In the very hour when victory seemed sure, Sobieski suddenly appeared with an army of only seventy thousand men, and struck the Turks like a whirlwind.* The Turks were so dumbfounded and bewildered by his sudden movement that they fled, panic-stricken, so that the proud, exultant foe was scattered to the winds, leaving behind them all of their war materials, and never stopping until they had reached the borders of Hungary. This defeat was so final that it was the very end of the Oriental dream of supremacy in Europe.*

abridged

Abridged from ‘The Life of King John Sobieski’ (1915) by John Sobieski (1842-1927).

The High or Sublime Porte (French for gate) is a handy term for the Government of the Ottoman Empire. Strictly speaking, it is the High Gate of the Sultan’s Palace in Constantinople; the term is used much as we may speak of Downing Street, or Whitehall.
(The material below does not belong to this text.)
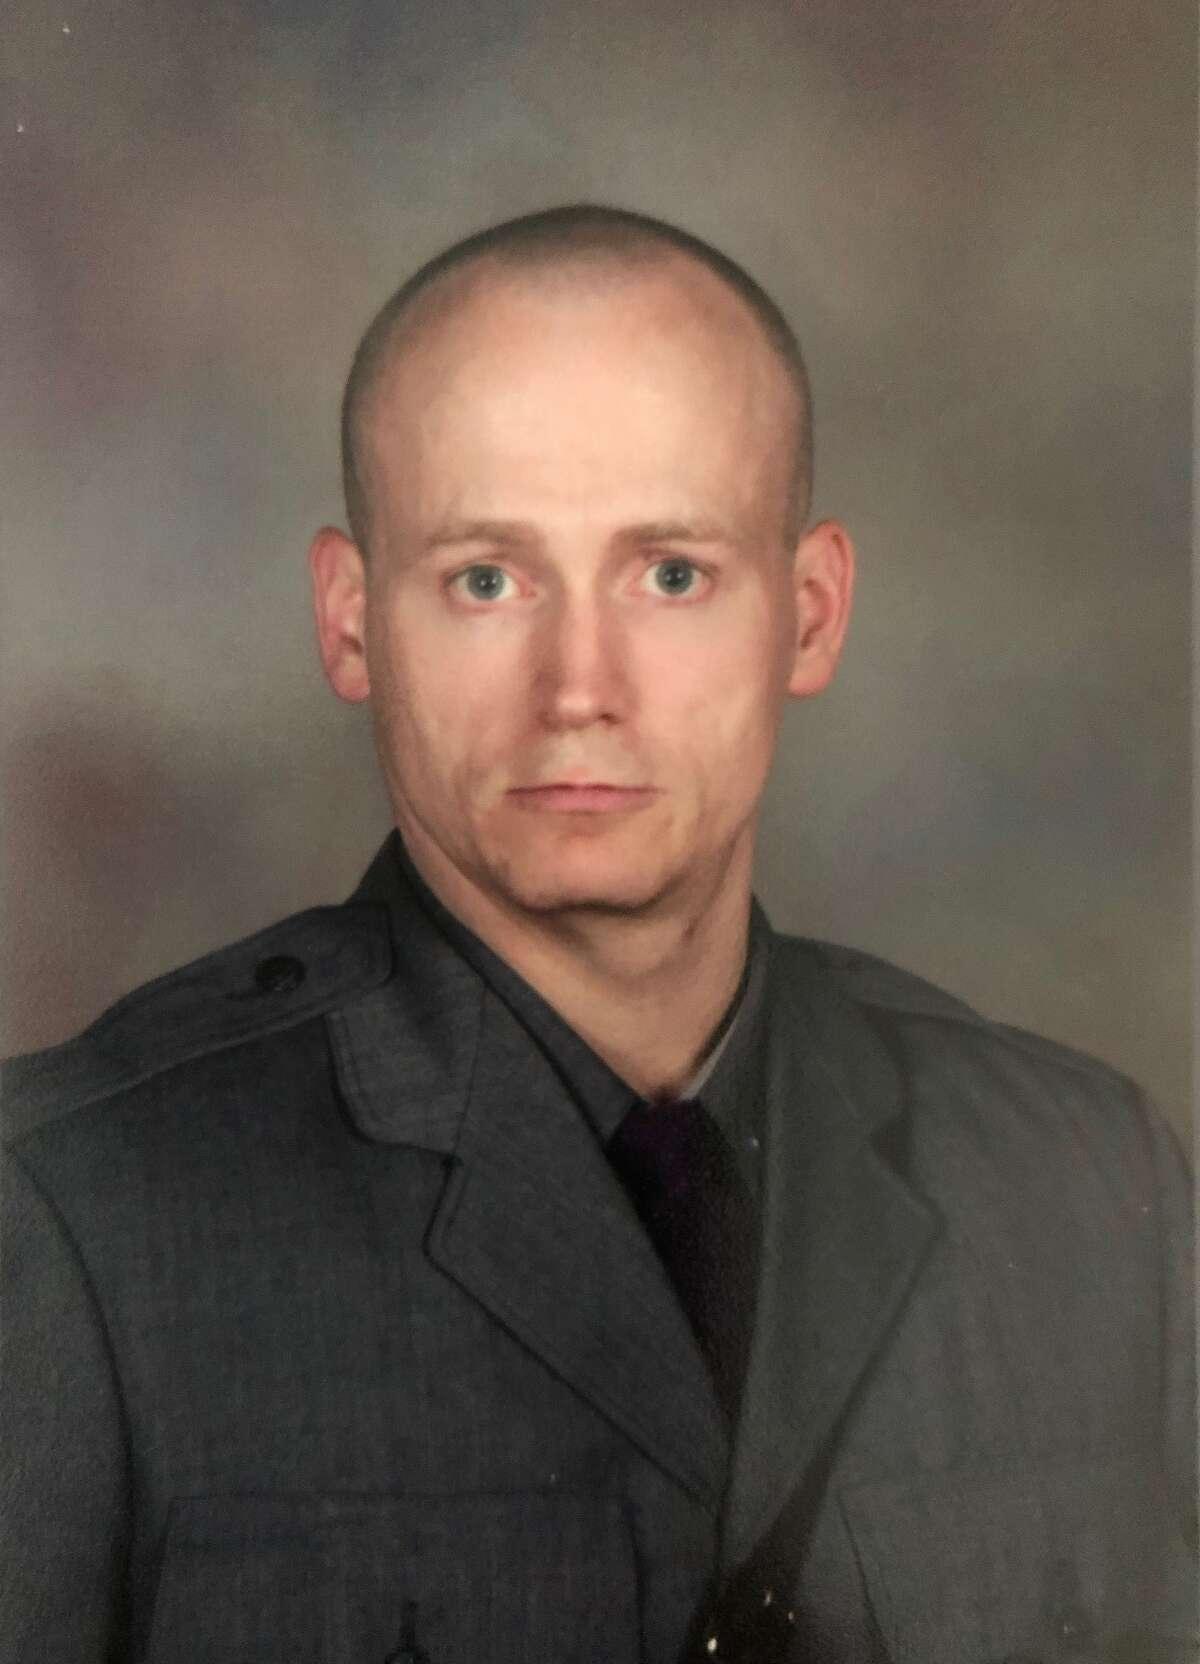 Trooper Jeremy VanNostrand died on Nov. 27, 2018, in a crash near the Fonda State Police barracks.

Modern estimates suggest about 150,000 for the Ottoman forces, and something rather short of 90,000 for the combined forces of John Sobieski’s Poles, Germans and Austrians.

Victory at Vienna began the Great Turkish War, which lasted until the Treaty of Karlowitz in 1699. It was a defeat for the Ottoman Empire that proved to be the beginning of a gradual decline.

Précis
In 1683, the Ottoman Turks threw everything into a siege of Vienna, believing that King John of Poland was too sickly to mount another resistance. But quite unexpectedly John came, and with a force half the size of theirs he swept the Turks from the battlefield in a defeat so humiliating that the Turks never seriously troubled Western Europe again.
Questions for Critics

1. What is the author aiming to achieve in writing this?
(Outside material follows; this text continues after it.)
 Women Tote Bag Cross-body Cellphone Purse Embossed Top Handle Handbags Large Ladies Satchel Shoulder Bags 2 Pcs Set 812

2. Note any words, devices or turns of phrase that strike you. How do they help the author communicate his ideas more effectively?
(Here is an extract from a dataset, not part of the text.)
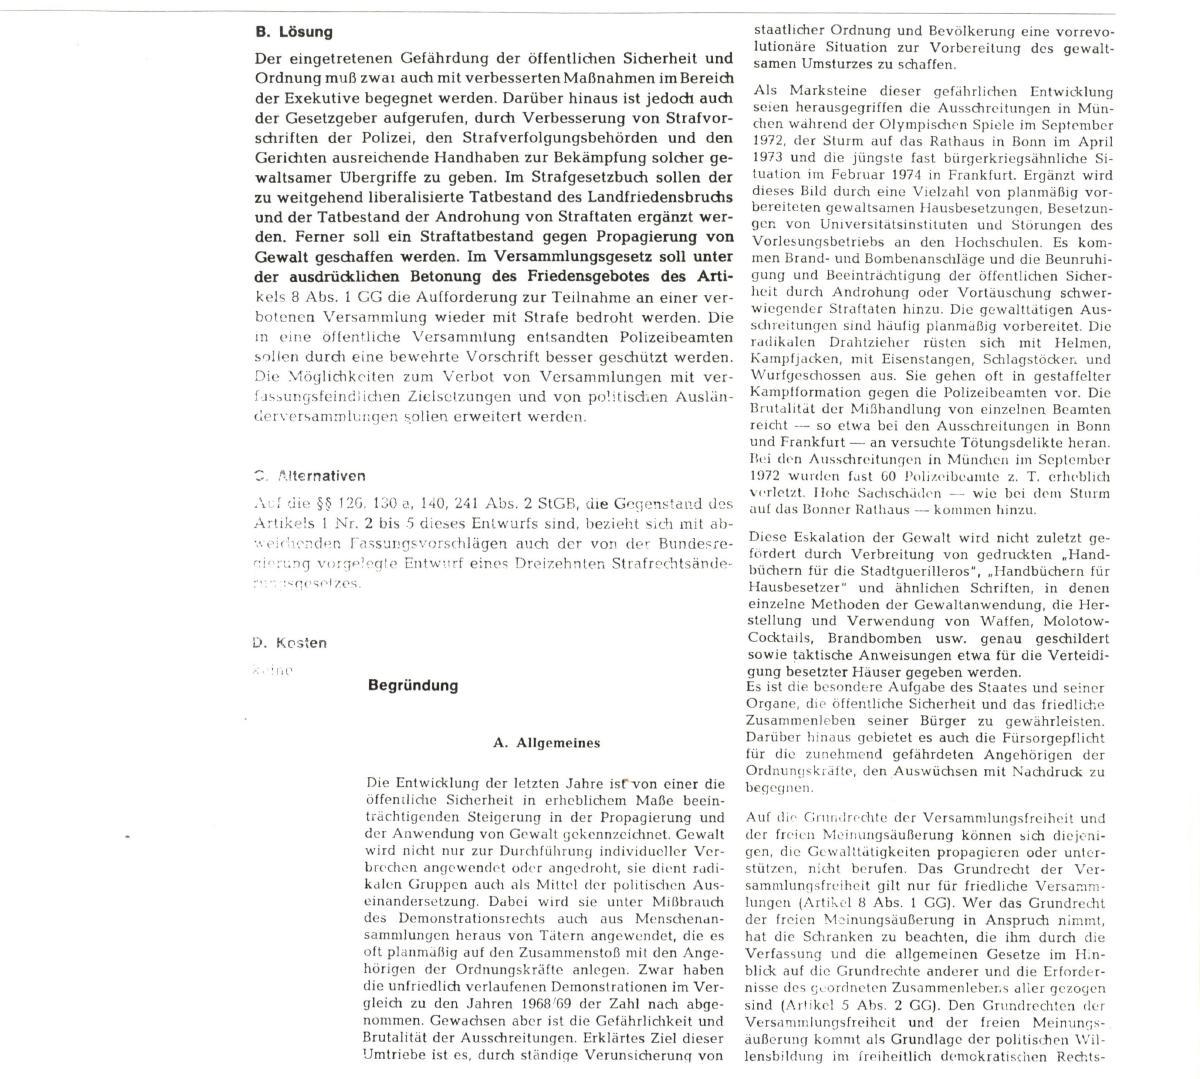 REP_VLB_1976_Die_Zensurgesetze_52

3. What impression does this passage make on you? How might you put that impression into words?

Based on The English Critic (1939) by NL Clay, drawing on The New Criticism: A Lecture Delivered at Columbia University, March 9, 1910, by J. E. Spingarn, Professor of Comparative Literature in Columbia University, USA.

Sevens

Suggest answers to this question. See if you can limit one answer to exactly seven words.

What happened in the Spring of 1683 that encouraged the Turks to invade Austria?

Suggestion

Rumour spread that John Sobieski was ill.

Jigsaws

Express the ideas below in a single sentence, using different words as much as possible. Do not be satisfied with the first answer you think of; think of several, and choose the best.

The Turks were afraid of King John. Rumour said he was too ill to fight. The Turks laid siege to Vienna in 1683.